To backup one database there were at least 6 scripts scheduled in cron with a line count of almost 600 lines!   I couldn’t believe it.    I try to keep things as simple as possible.  For example, here is one of my backup scripts:

   1:  #!/bin/sh
   2:  . /home/oracle/.bash_profile
   3:  . /usr/local/bin/oraenv << END
   4:  ORCL
   5:  END
   6:   
   7:  cd /home/oracle/scripts
   8:  logfile=/home/oracle/scripts/log/rman_ORCL_LVL0.log.`date '+%d%m%y'`
   9:   
  10:  rman target / nocatalog CMDFILE /home/oracle/scripts/rman_ORCL_LVL0.sql LOG $logfile
  11:  status=$?
  12:   
  13:  if [ $status -gt 0 ] ; then
  14:     mailx -s "[BACKUP][FAILED] ORCL LVL0" me@myemail.com <<!
  15:  `cat $logfile`
  16:  !
  17:  else
  18:      mailx -s "[BACKUP][SUCCESS] ORCL LVL0" me@myemail.com <<!
  19:  `cat $logfile`
  20:  !
  21:  fi
  22:   
  23:  echo "Backup files removed (4+ days OLD):"
  24:  echo `find /u03/backup/ORCL  -mtime +4 -print`
  25:  find /u03/backup/ORCL -type f -mtime +4 -exec rm -f {} \;
  26:   
  27:  echo "Archive logs removed (2+ days OLD):"
  28:  echo `find /u03/archive/ORCL  -mtime +2 -print`
  29:  find /u03/archive/ORCL -type f -mtime +2 -exec rm -f {} \;



It doesn’t get much simpler than that.  I send emails both on SUCCESS and FAIL of the backup because i've seen cron stop working before.   I have filters in my mail client to separate them into different folders.  Each day I checked for failed backups and periodically I check successful folder to make sure my backups are working properly.   The rman_ORCL_LVL0.sql file basically contains:  unneedlessly

backup
   incremental level 0
   database
   tag 'ORCL_LVL0';

I know there are exceptions but in this case these databases are small and have simple backup requirements.  Yeah, I could spend a bit of time to put in variables so its more generic but I don’t manage hundreds of databases so thats not a huge concern.  

As for the original 600 lines of scripts… Yeah, its very generic, handles a multitude of scenarios and probably even does your laundry but its worthless IMHO if it can’t be quickly understood.  The last thing I want to be doing at 3am in the morning is trying to figure out someones scripts because I was the lucky person on call.

Monitoring your RMAN backup scripts

There is an easy way to monitor your RMAN backup scripts in a unix environment.
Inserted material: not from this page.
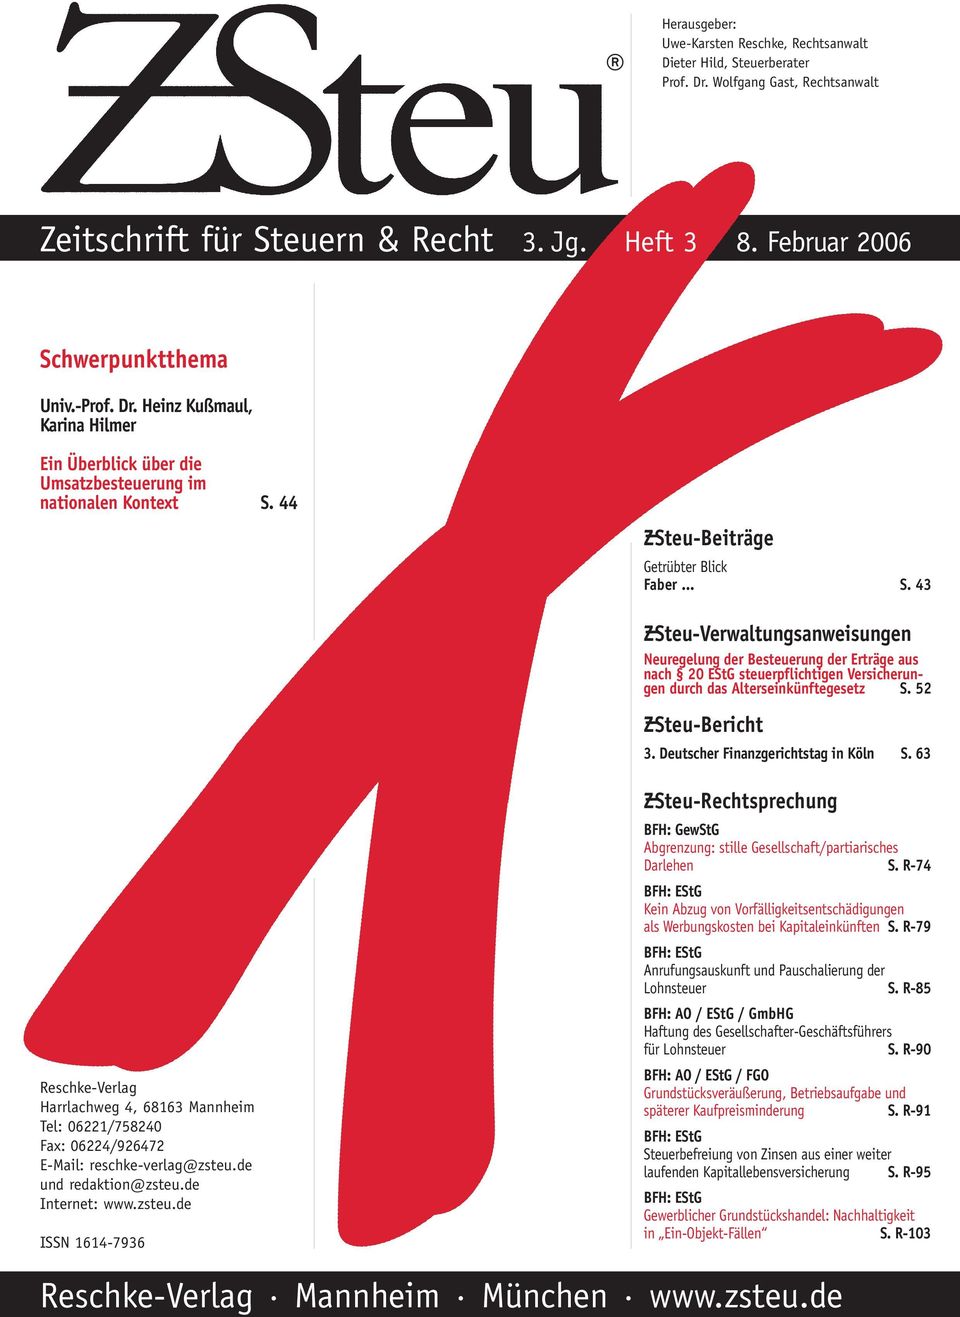 44 Z--Steu-Beiträge Getrübter Blick Faber... S.

I've seen quite a few DBA's log the rman output to a file and then grep it for errors. Ex.


rman target / CMDFILE /home/oracle/scripts/rman.sql LOG $logfile
errors=`cat $logfile|grep -i error|wc -l`
if test $errors -gt 0
then
mailx -s "BACKUP FAILED" email1@myserver.com, email2@myserver.com <<\!
`cat $logfile`
!
fi

Another method would be to examine the return code from the rman client. Rman returns a value of 0 to the shell if the backup was successful. Otherwise it returns a nonzero value and from what I have seen this is always 1. (Have you seen any other values?)
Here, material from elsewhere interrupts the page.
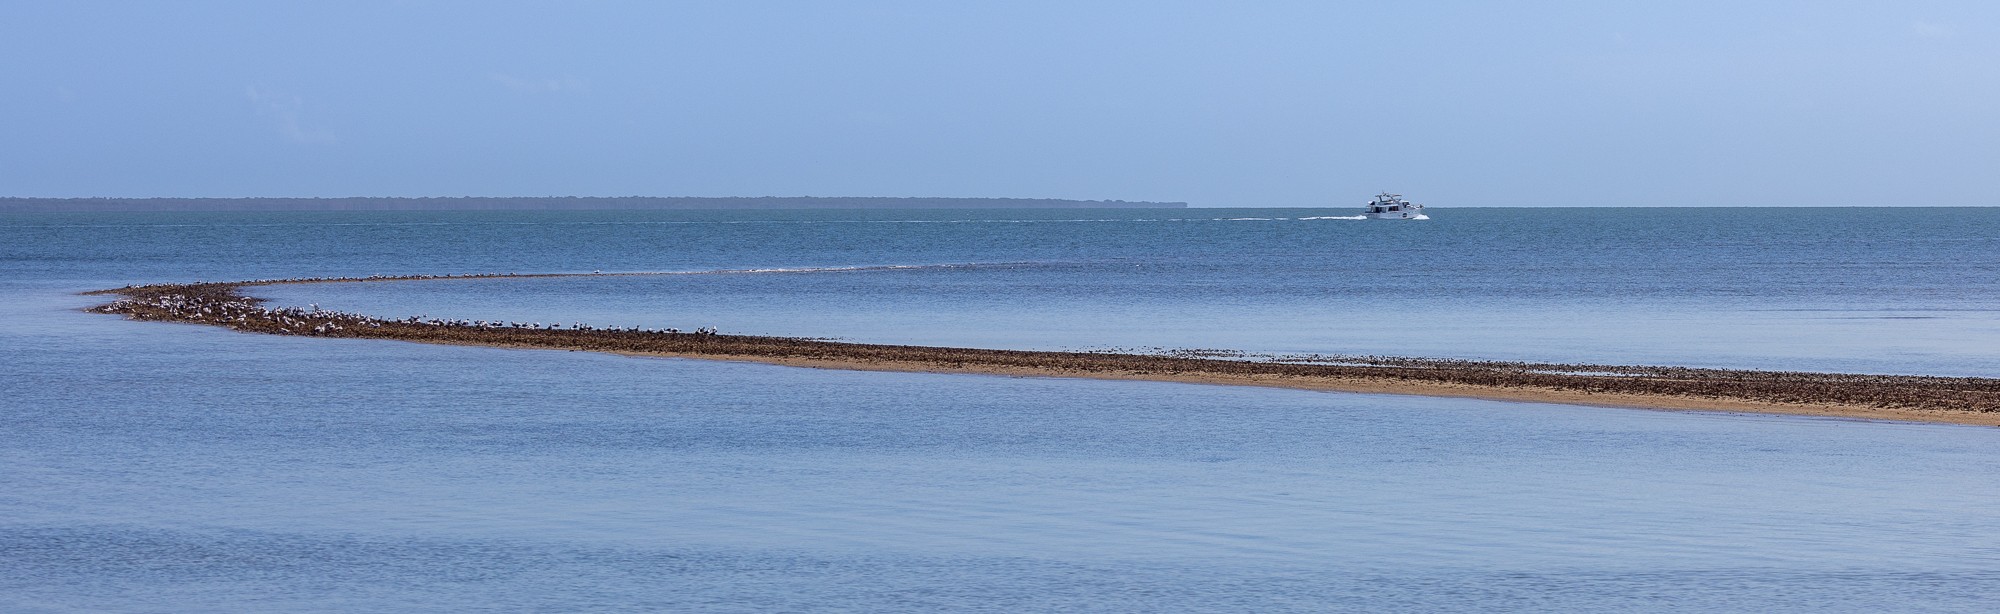 Reef Point, Shorncliffe, Moreton Bay

So another way of writing the above script would be


rman target / CMDFILE /home/oracle/scripts/rman.sql LOG $logfile
status=$?

if [ $status -gt 0 ] ; then
mailx -s "BACKUP FAILED: TESTDB" email1@myserver.com <<\!
`cat $logfile`
\!
else
mailx -s "SuccessfulBackup: TESTDB" email1@myserver.com <<\!
`cat $logfile`
\!
fi

NOTE: Ignore the backlashes before the exclamation points above. I'm not sure how to format it properly within blogger. I'll see if I can fix it later.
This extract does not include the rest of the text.